Они сделали небольшой заплыв, и, когда вернулись в свои шезлонги, Павел Кузьмич посоветовал:
— Кроме солнца и моря тут, по существу, нет никаких развлечений. А какие возможности! Водные лыжи, прогулочные катера… Хорошо бы соорудить фуникулёр. — Он показал на вершину горы над Южноморском. — А там можно было бы организовать целый городок развлечений. Люди мечтают потратить деньги, а где?
— Может, когда наберут силу кооперативы и индивидуальная трудовая деятельность, все это и будет?
— Может быть, может быть, — сказал Астахов. — Да, все хочу спросить у вас, кто же вы по специальности?
— Художница.
— Вот видите, я как чувствовал! — обрадованно проговорил Павел Кузьмич. — Значит, угадал! В каком жанре работаете?
— Собственно, ещё учусь. Заканчиваю Суриковский институт.
— Прекрасно, прекрасно! Лучший наш художественный вуз! — продолжал восхищаться доцент. — Но, Виктория Николаевна, на пути у вас столько терний! Говорю вам об этом потому, что мой ближайший друг, милейший талантливейший человек, ничего не нажил за всю свою жизнь, кроме двух инфарктов и кучи врагов в Союзе художников… Ой, хватит ли у вас сил? — Он покачал головой.
Вербицкая улыбнулась, но ничего ответить не успела: к ним подошёл Жоголь. Она представила мужчин друг другу. Время было обеденное, и Леонид Анисимович предложил пойти куда-нибудь поесть.
— Павел Кузьмич, вы составите нам компанию? — обратилась к доценту Вика.
Дважды приглашать Астахова не пришлось.
Когда капитан милиции Жур зашёл в кабинет прокурора города Захара Петровича Измайлова, тот разговаривал с кем-то по телефону и жестом показал оперуполномоченному уголовного розыска на стул. Жур сел. Ждать пришлось минуты три.
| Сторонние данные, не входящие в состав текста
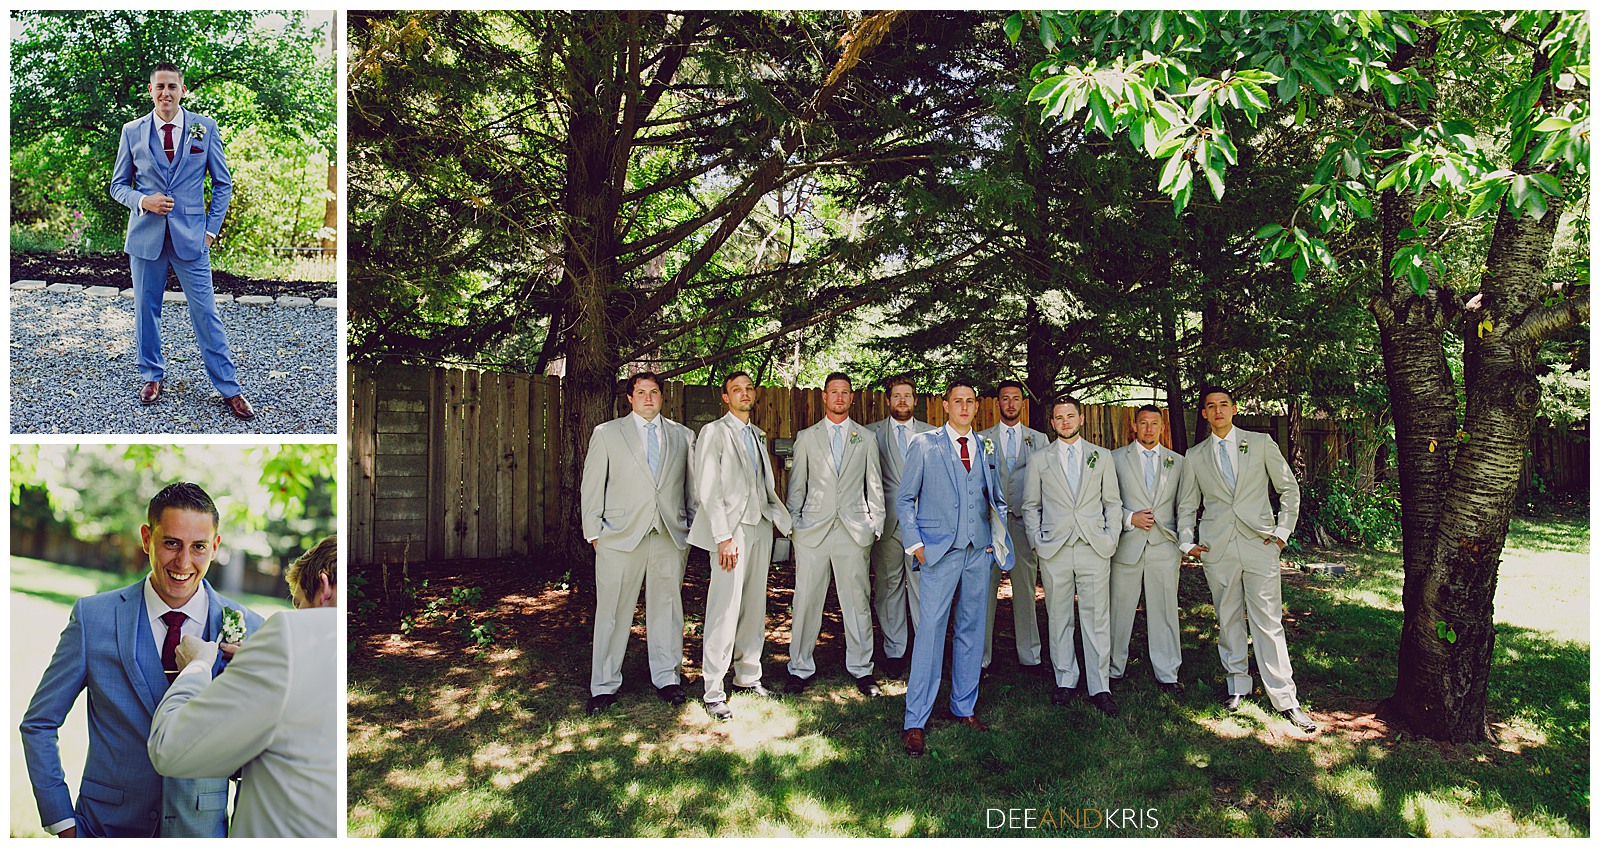 Dee and Kris photography at Mountain Shadows resort, Blue groom suit

— С чем пожаловали, Виктор Павлович? — спросил прокурор, положив трубку.
— С постановлением на арест. — Жур протянул Измайлову бумагу.
— Изголяев и Рундуков, — прочитал прокурор. — Что за птицы?
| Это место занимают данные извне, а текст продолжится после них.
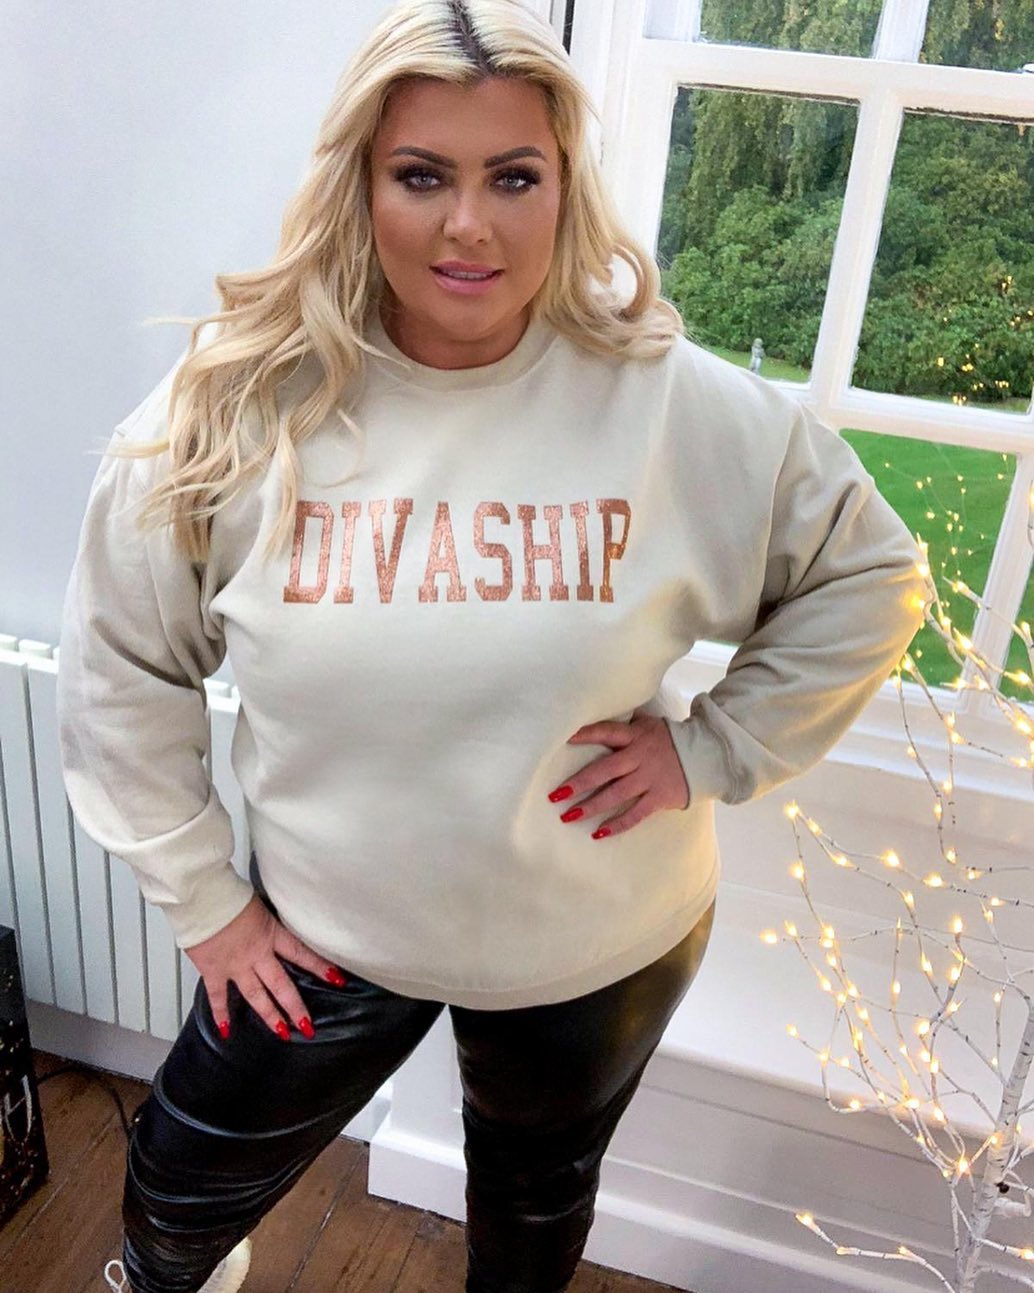 Gemma has used a combination of diet, exercise and appetite suppressants to help her shift the weight

— Щипачи, — пояснил капитан. — Мы целую неделю охотились за ними. Задержали вчера в троллейбусе, когда они вытащили у одного отдыхающего «лопатник» с тремястами пятьюдесятью рублями. «Пасли» его от почты, где он получил перевод.
«Щипачи» — карманные воры на их жаргоне, «лопатник» — бумажник или кошелёк, а термин «пасли» означал следили.
— Наши или?.. — спросил Измайлов.
— Гастролёры. Один из них, Рундуков, дважды судим, а его напарник Изголяев задержан впервые. Рундуков, по-видимому, обратал его совсем недавно. Держал на подхвате, передавал ворованное.
— Молодой?
— Изголяев? — уточнил Жур. — Восемнадцать лет. Но гоношистый. Сначала грозился, что у него папаша большая шишка. — Виктор Павлович усмехнулся. — Чудило, в наше время об этом лучше помалкивать. Если это правда, не завидую я тому папаше!
— Значит, говорите, неделю за ними охотились? — спросил Измайлов.
— Может, чуть больше, — поправился старший оперуполномоченный уголовного розыска. — Этот Рундуков прямо-таки артист.
— Ну? — заинтересовался Измайлов.
— Понимаете, поступает к нам заявление. Одно, другое, третье! Четвёртое, наконец! У людей исчезают деньги. В общественном транспорте.
— И что в этом удивительного? — не понял прокурор.
— Но как! Кошельки и бумажники на месте, а содержимое — тю-тю! Представляете состояние человека, когда он открывает портмоне, а там пусто? Не знаешь, то ли украли деньги, то ли ты сам их потерял. Я даже думаю, что к нам обратились не все, кого обчистил Рундуков.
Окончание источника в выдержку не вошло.